TASK DETAILS: All lines at and after the one containing "Magnificent late 19th", up to the end of the listing below, are to be printed exactly, with the pictures omitted.
EXERCISE DATA section start
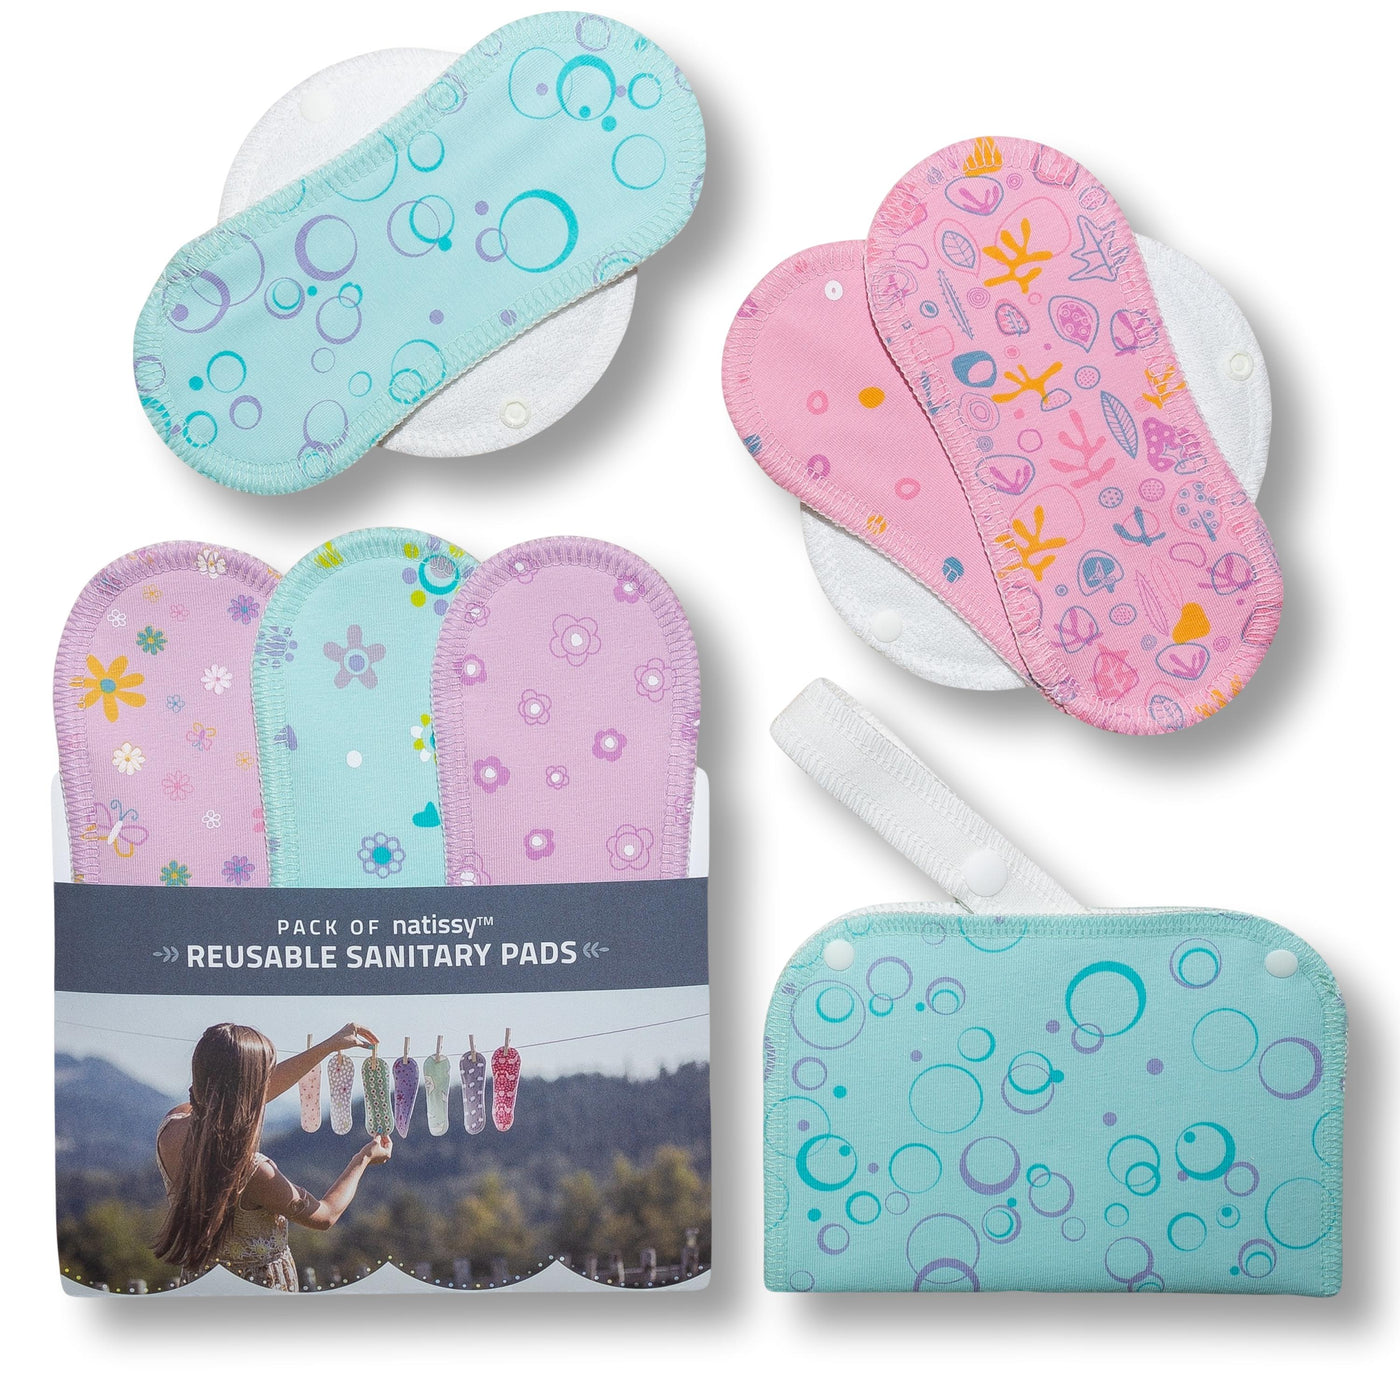 Reusable Menstrual Pads, 6-Pack Cotton Reusable Sanitary Towels with Wings (size S & M), MADE IN EU, for Menstrual Periods and Incontinence; EXTRA Double Wet Bag with Strap; Washable Menstrual Cloth
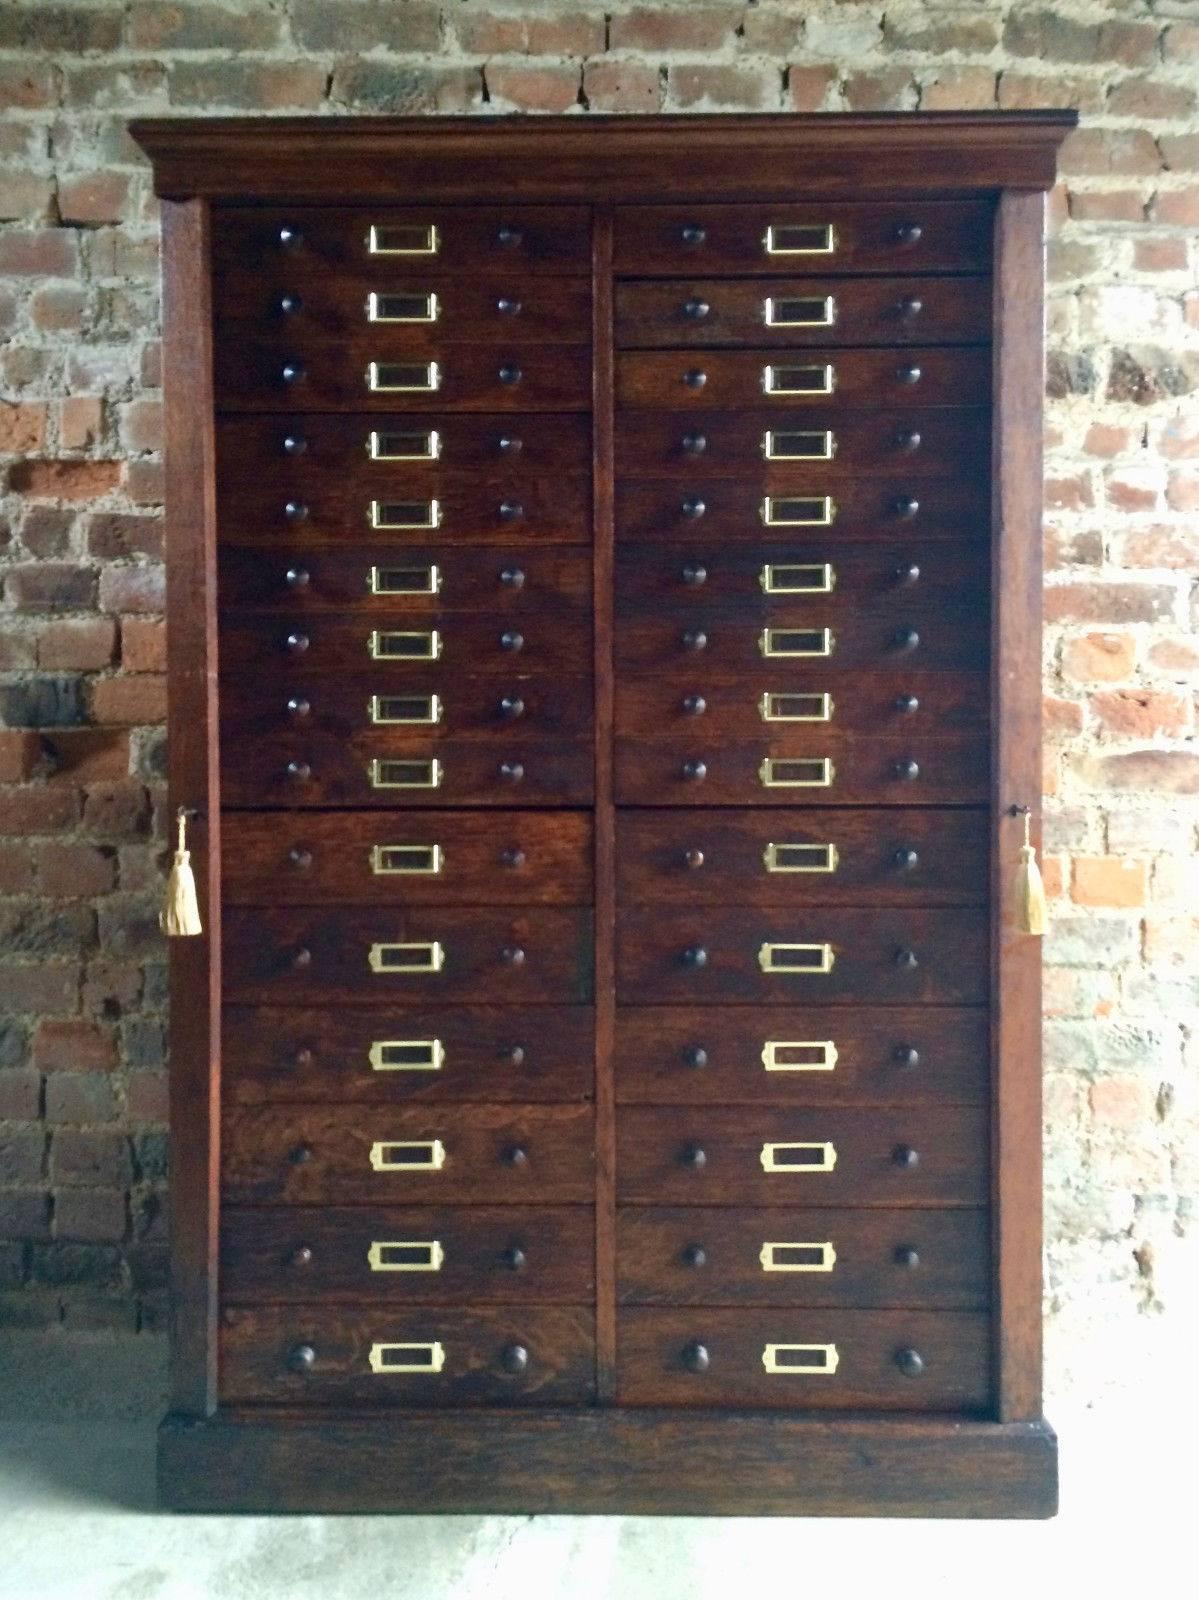 Magnificent late 19th century Oak Museum shop cabinet, circa 1890, the cabinet featuring a series of sixteen small pull out drawers and seven double depth pull out drawers, each drawer with index card holder and turned knob drawer pulls, with two
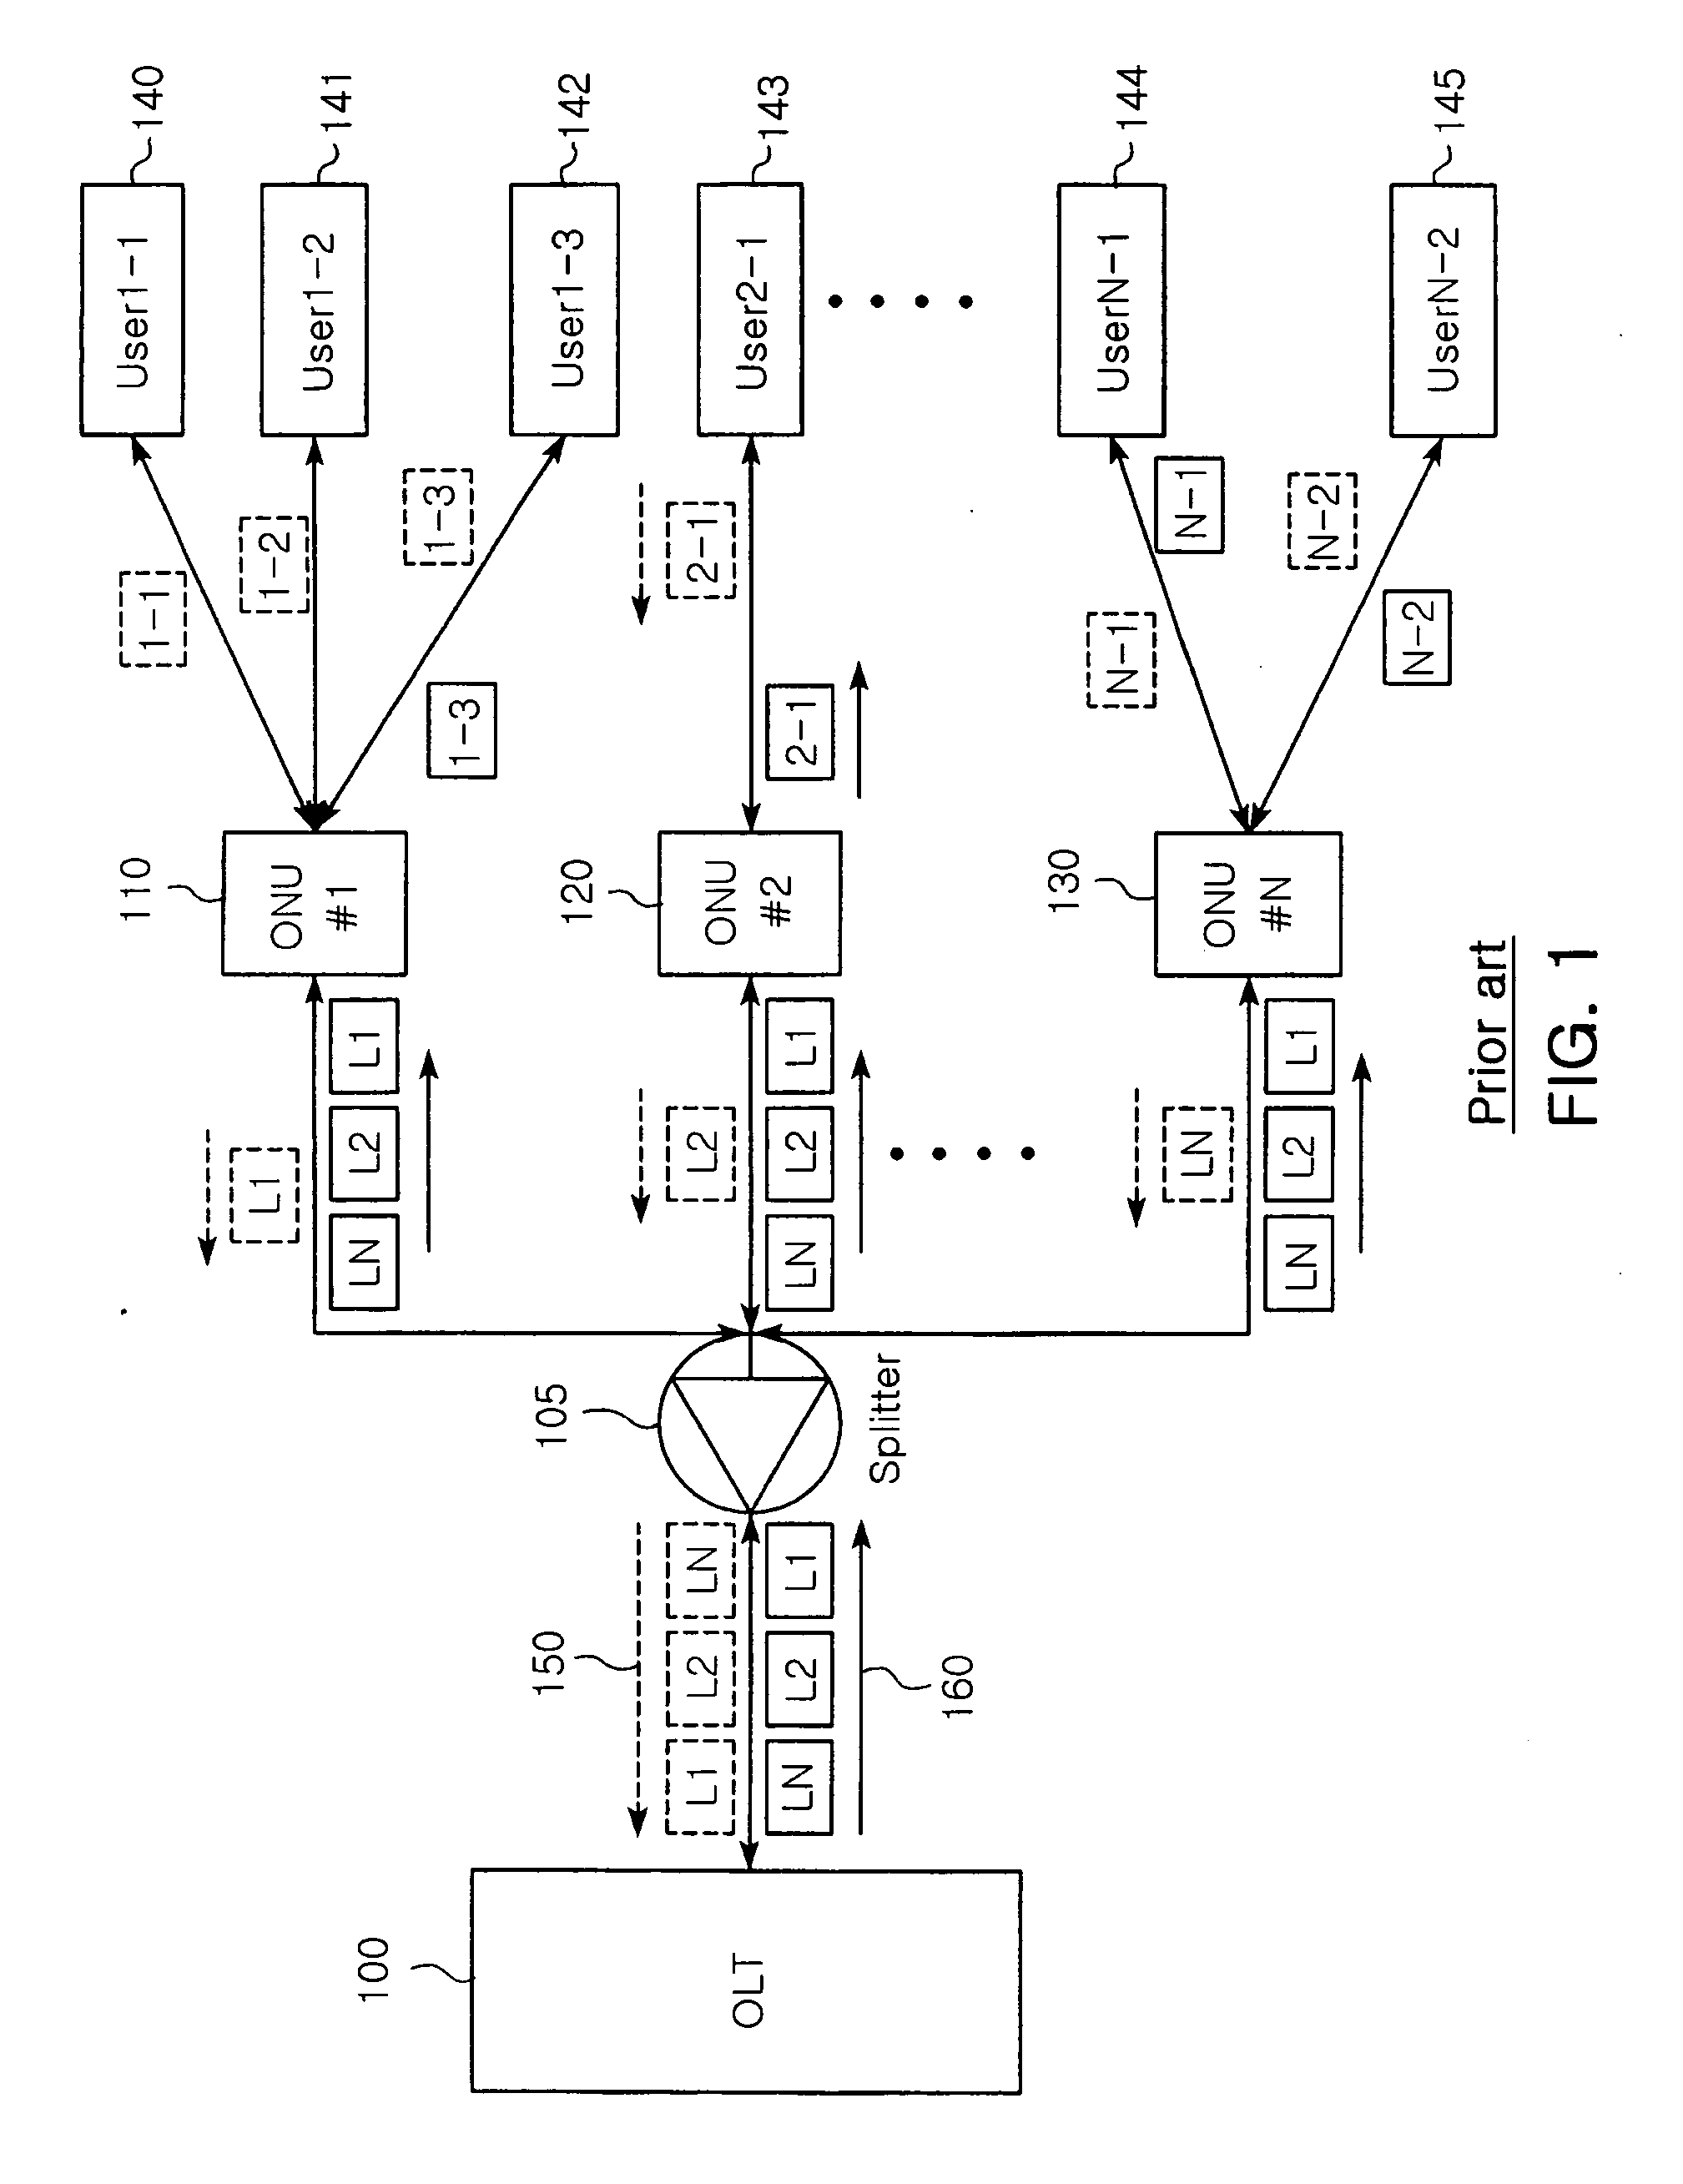 Bandwidth allocation device for guaranteeing Qos in ethernet passive optical access network
EXERCISE DATA section end
EXERCISE RESULT:
 Magnificent late 19th century Oak Museum shop cabinet, circa 1890, the cabinet featuring a series of sixteen small pull out drawers and seven double depth pull out drawers, each drawer with index card holder and turned knob drawer pulls, with two
 Bandwidth allocation device for guaranteeing Qos in ethernet passive optical access network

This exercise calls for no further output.